I keep one in the shop. Used it yesterday replacing a belt, cleaning tires, etc. on one of the bandsaws. The older I get, the more I need it.


----------



## John Smith_inFL (Dec 15, 2017)

Taco - no, you are not alone

/

/


----------



## Blindhog (Jul 13, 2015)

Use them all the time. Still trying to find a good light source for my machines…..........

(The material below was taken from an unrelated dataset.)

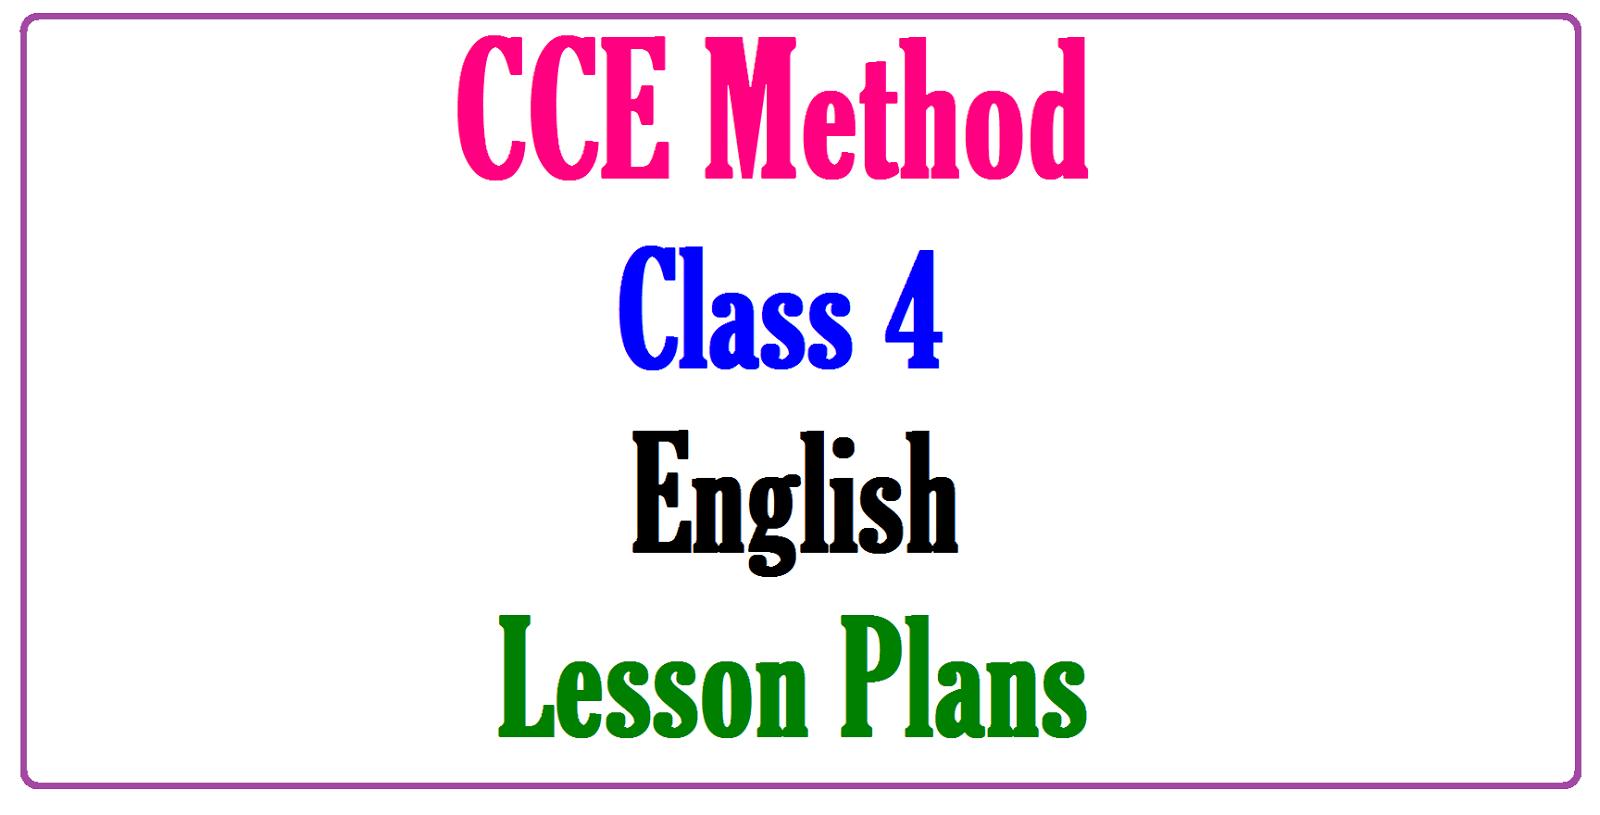 Kv Class 4 English Worksheets

Just found this yesterday at woodcraft.

https://www.woodcraft.com/products/nebo-eye-light

Put one on my mill/drill press and one on the bandsaw. Seem pretty stable and they do put out the light!


----------



## OSU55 (Dec 14, 2012)

Ive used headlamps for many years working on cars, motorcycles, guns, household repairs, fishing, chainsawing at the end of the day. Wouldnt recommend one for regular shop use vs appropriate shop lighting, but they work when you need more light, especially machine repairs. Never used one for hiking though.


----------



## Unknowncraftsman (Jun 23, 2013)

I think it's crazy. It is important to have good lighting but that sounds like a big shadow maker.
When you get into fine work with hand tools you'll understand.


----------



## a1Jim (Aug 9, 2008)

You guys think headlamps are dorky looking try these guys out they not only give you more light but have a variety of magnification for close up work.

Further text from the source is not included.